As you approach the event horizon, from the point of view of an external observer your head approach your feet. You become shorter and shorter. But, this process takes an infinite amount of time. You just get shorter and shorter tending to zero height in the infinite limit, but never being of zero height at any finite time.

In a sense you head and feet both reach the event horizon at time infinity. But, that is only in terms of a limit, and not a value of time for the external observer.

To you this takes only a finite time.

Also, the speed of light - from the point of view of said external observer - drops to zero as one gets near to the event horizon. So, if you measure your height in terms of how long it take light to get from your head to your feet, this is a different issue. From your local point of free falling view - your height does not change. And neither does the speed of light.

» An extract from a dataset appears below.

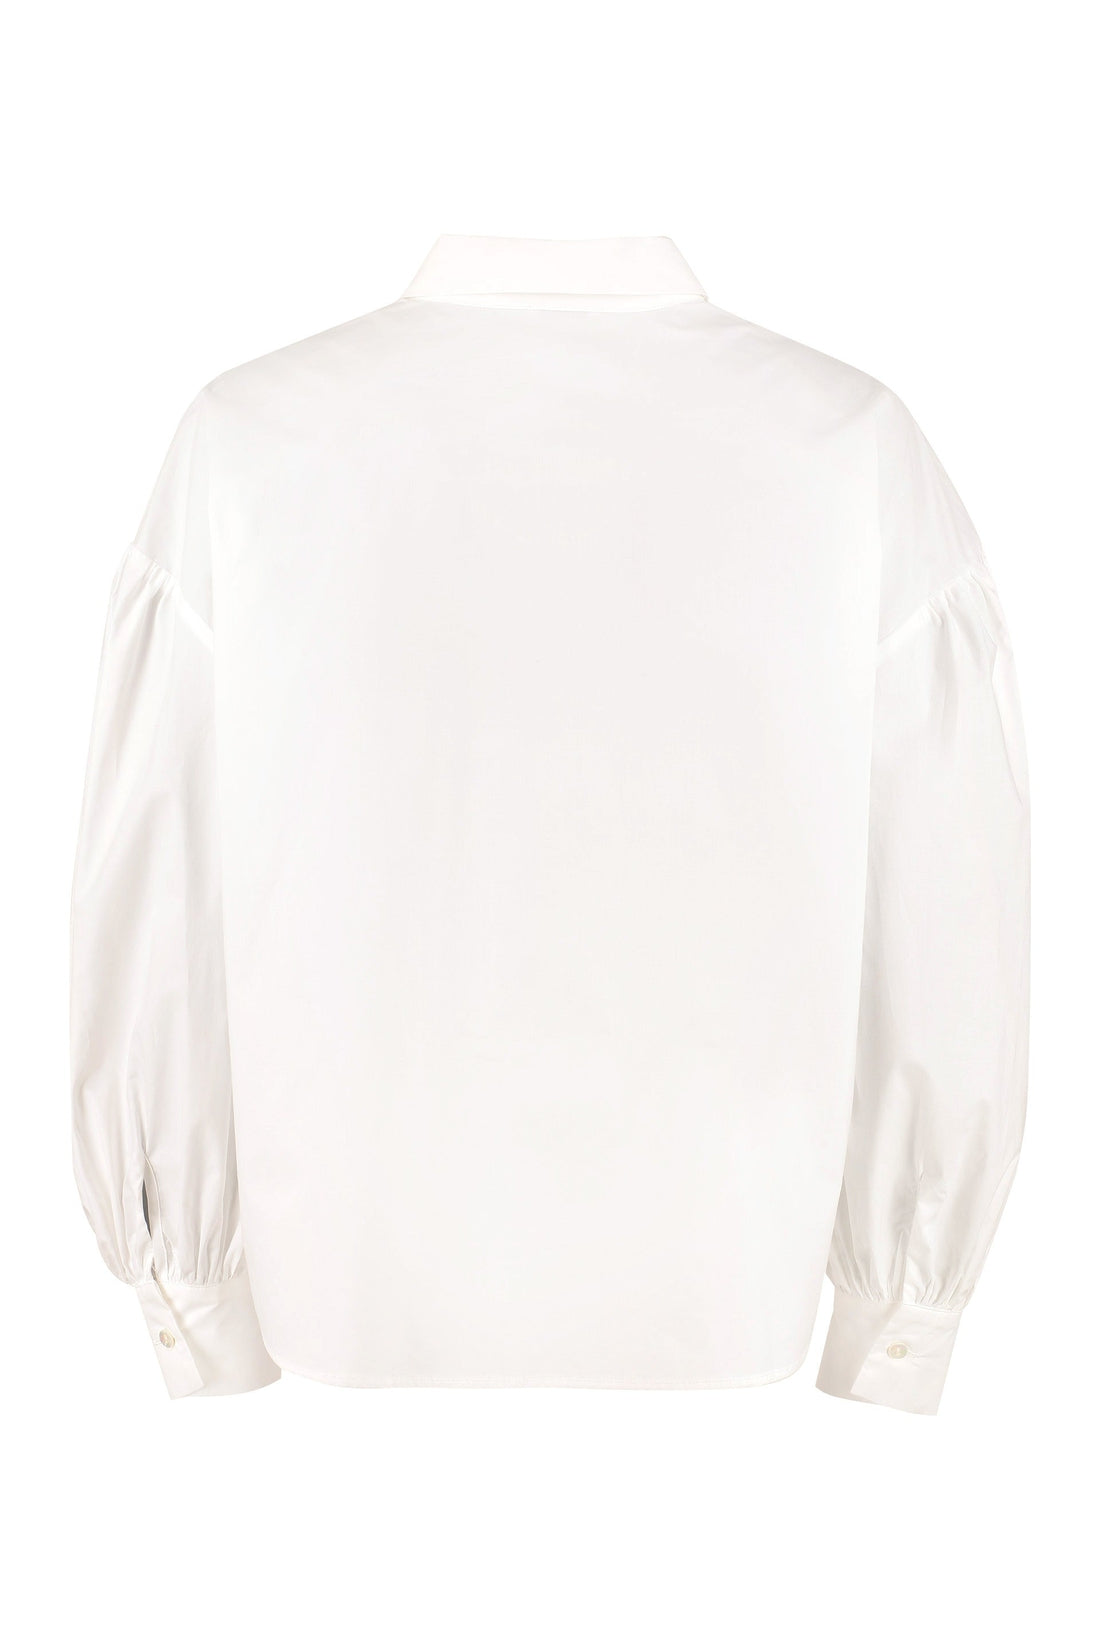 Parosh-OUTLET-SALE-Long sleeve cotton shirt-ARCHIVIST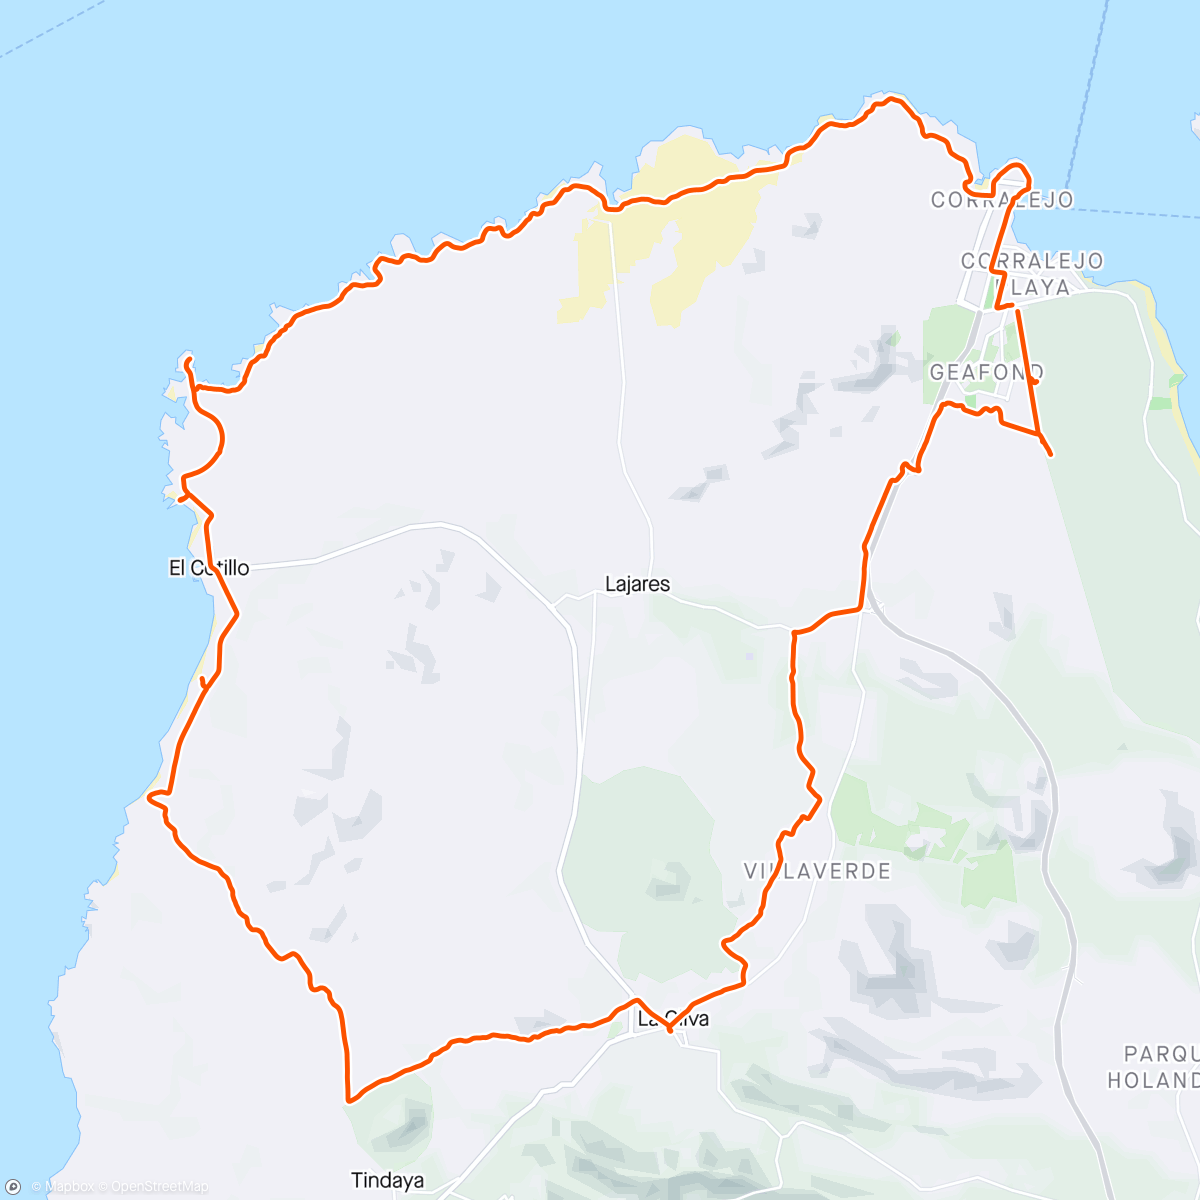 Map of the activity, Corralejo - Dunas de Corralejo - Capellanía - Villaverde - La Oliva - Playa de la Escalera - El Cotillo - Faro de Tostón - Majanicho - Corralejo

From your point of view, there is no horizon. You do not see any surface in space sweeping past you at all. What you see is everything outside getting further and further away and faster and faster. At the point that corresponds to you getting to infinite time for the external observer, you would see everything in the external universe vanish off to infinity.

In that sense, to you, the event horizon is a point in time, not a surface in space. So, in a sense, you cross it all at once. But, not as space, just as time.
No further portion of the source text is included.